Princeton University, Princeton NJ

Investigators

Abstract

This Faculty Early Career Development (CAREER) Program award provides funding for research and education in financial engineering. The focus is on the development of option pricing and valuation methodologies suitable for incomplete financial markets. Incompleteness arises in financial markets as soon as the unrealistic assumptions of a perfect market are relaxed. The classic Black and Scholes valuation is no longer applicable in such situations. The approach of utility indifference pricing, with roots in economics, has emerged recently to deal with incomplete markets, and the research aims to extend this methodology to American options with an infinite maturity. The techniques used include stochastics, partial differential equations and martingales. When incompleteness arises from non-tradability of the underlying asset, such options are useful in modeling the investment (and abandonment) decisions faced by firms.

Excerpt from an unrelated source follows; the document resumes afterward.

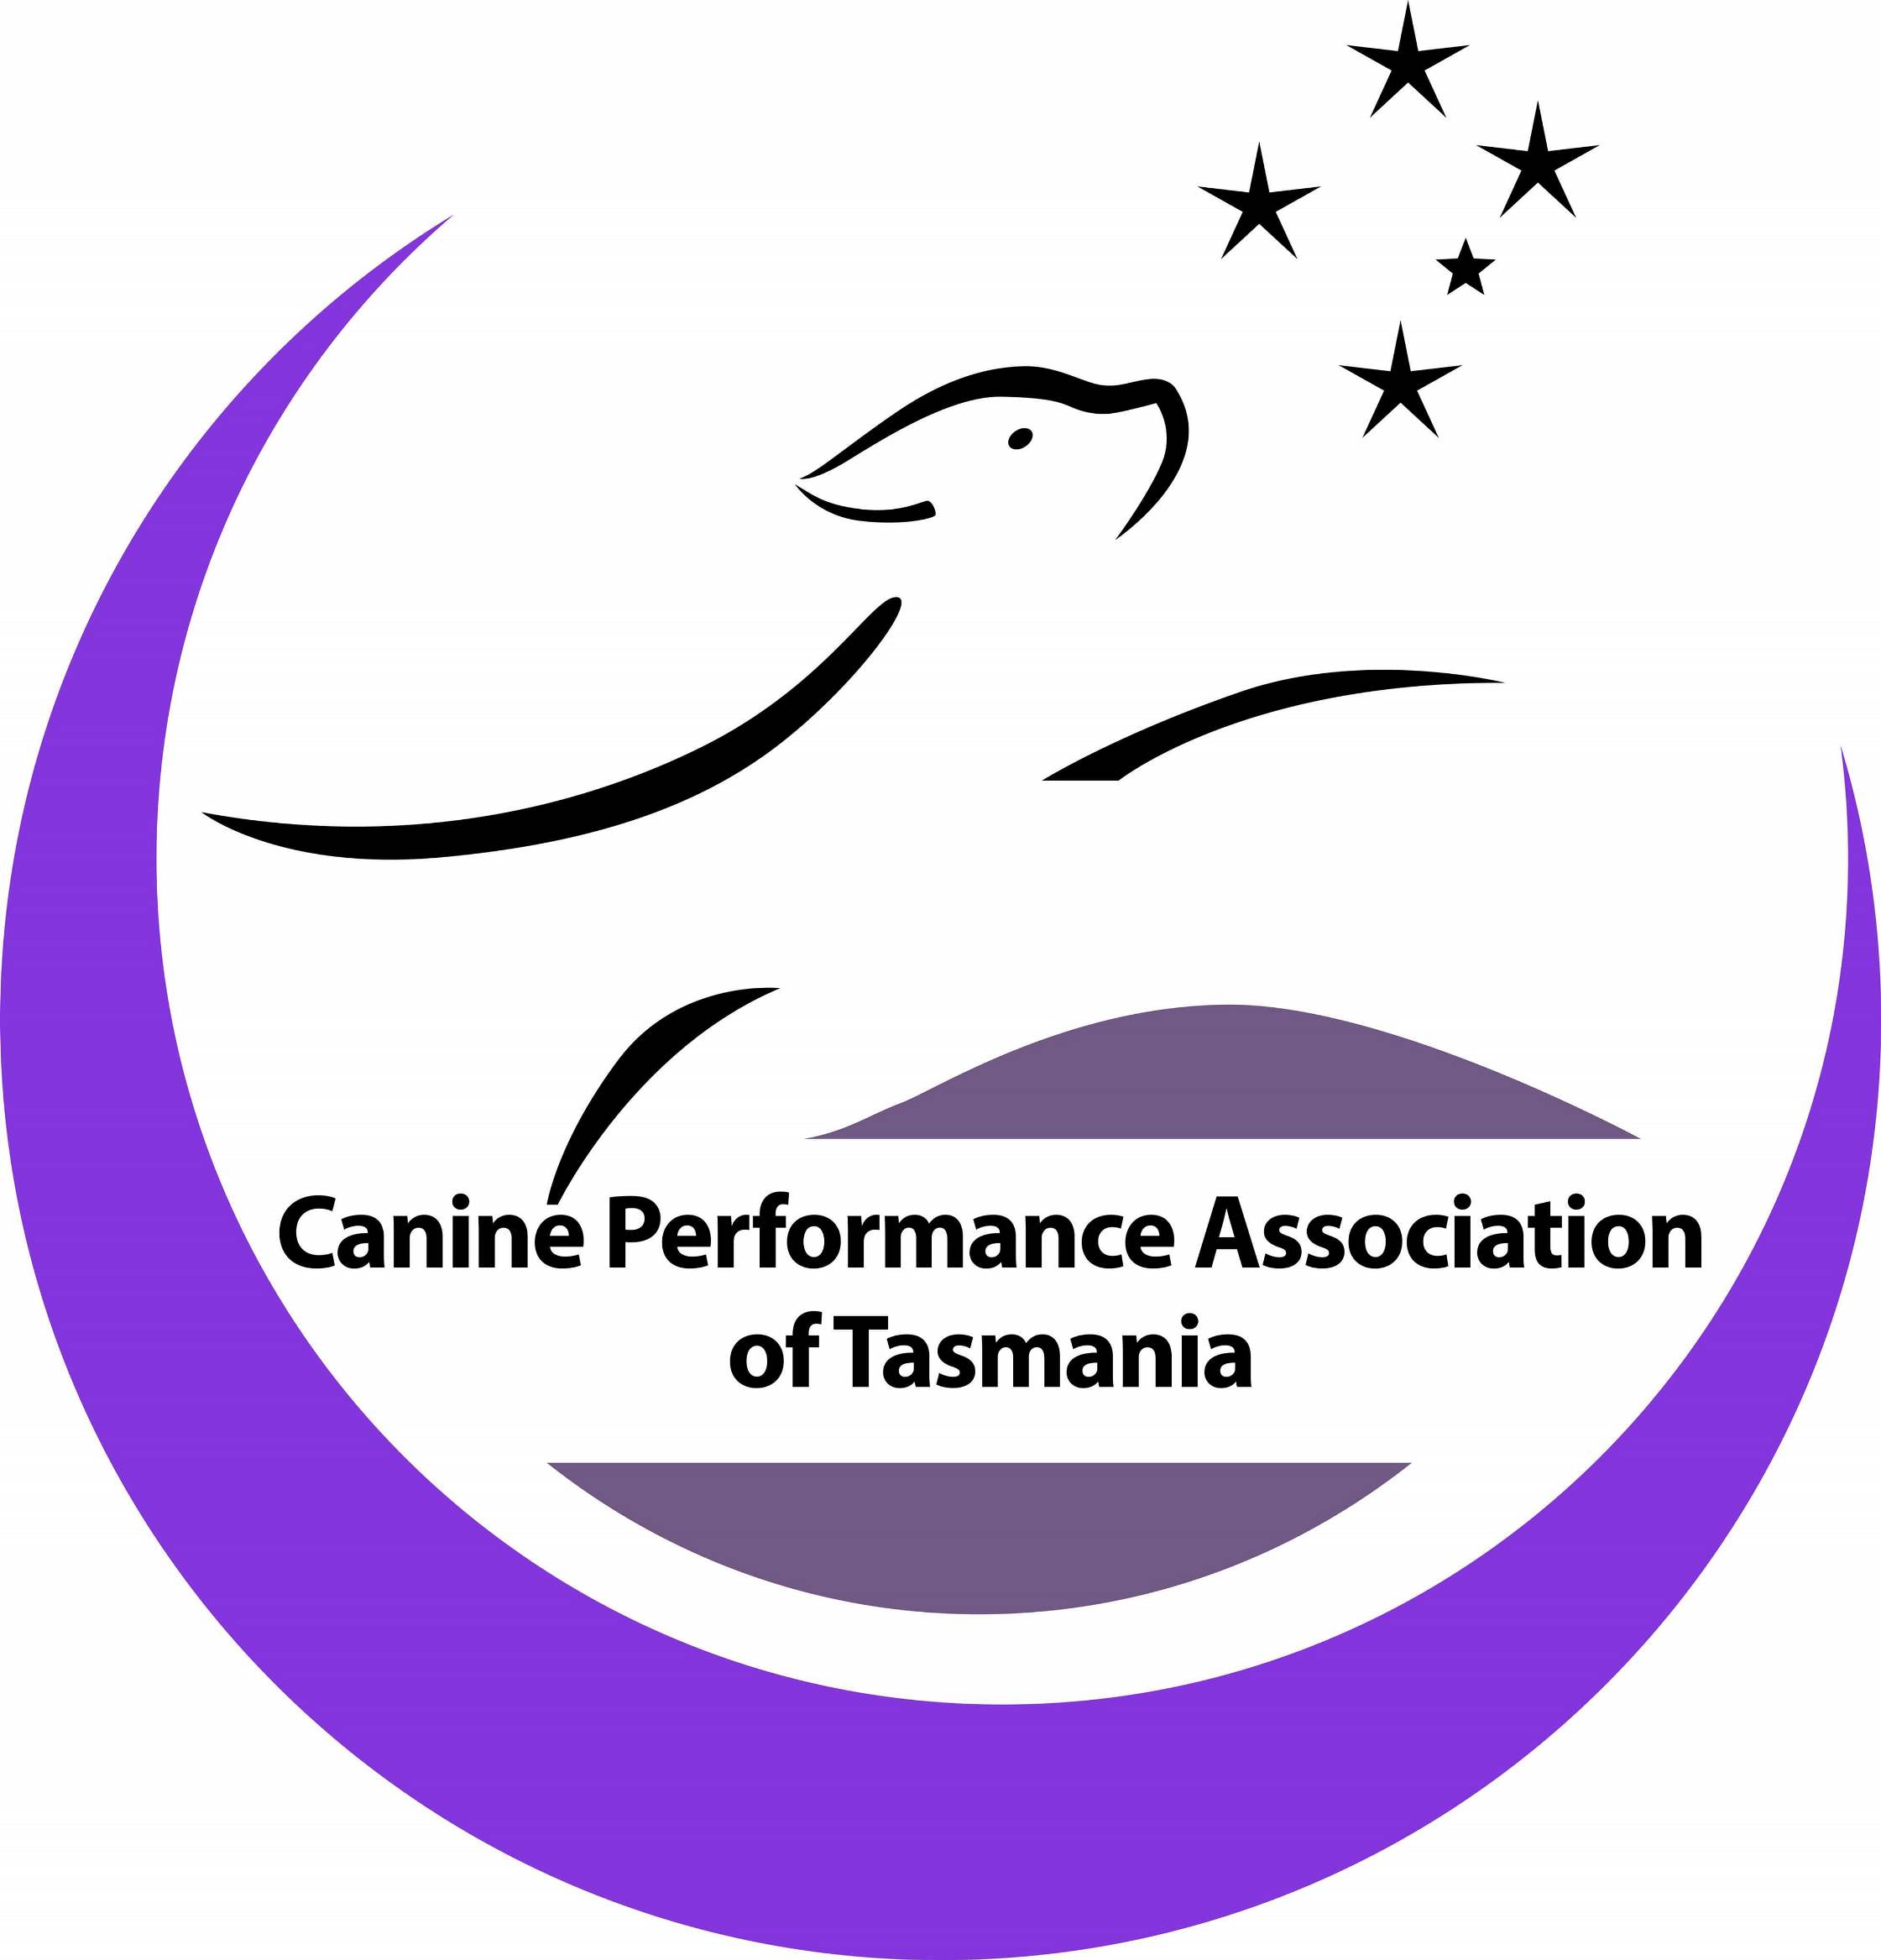 Canine Performance Association of Tasmania logo

Utility indifference pricing involves choice of a suitable utility function to describe risk preferences. The second main goal of the research is to develop the concepts of time consistent utility functions. Consideration of infinite horizon American options leads to issues of valuing intermediate cashflows and complications due to the horizon. Naive limit taking results in degenerate control problems, so care must be taken to develop new approaches. This research will lead to new methods for portfolio management and links to dynamic risk measures. The results of this research will have impact in diverse areas such as corporate finance and real options. Improved corporate investment decisions arising from this research could benefit the shareholders of firms, and therefore society. Additionally, the techniques of stochastic optimal control and martingales will be of interest to researchers in mathematical finance. The finance industry will benefit from developments in utility indifference pricing techniques, as they need to cope daily with the practicalities of the incompleteness of markets when pricing derivatives.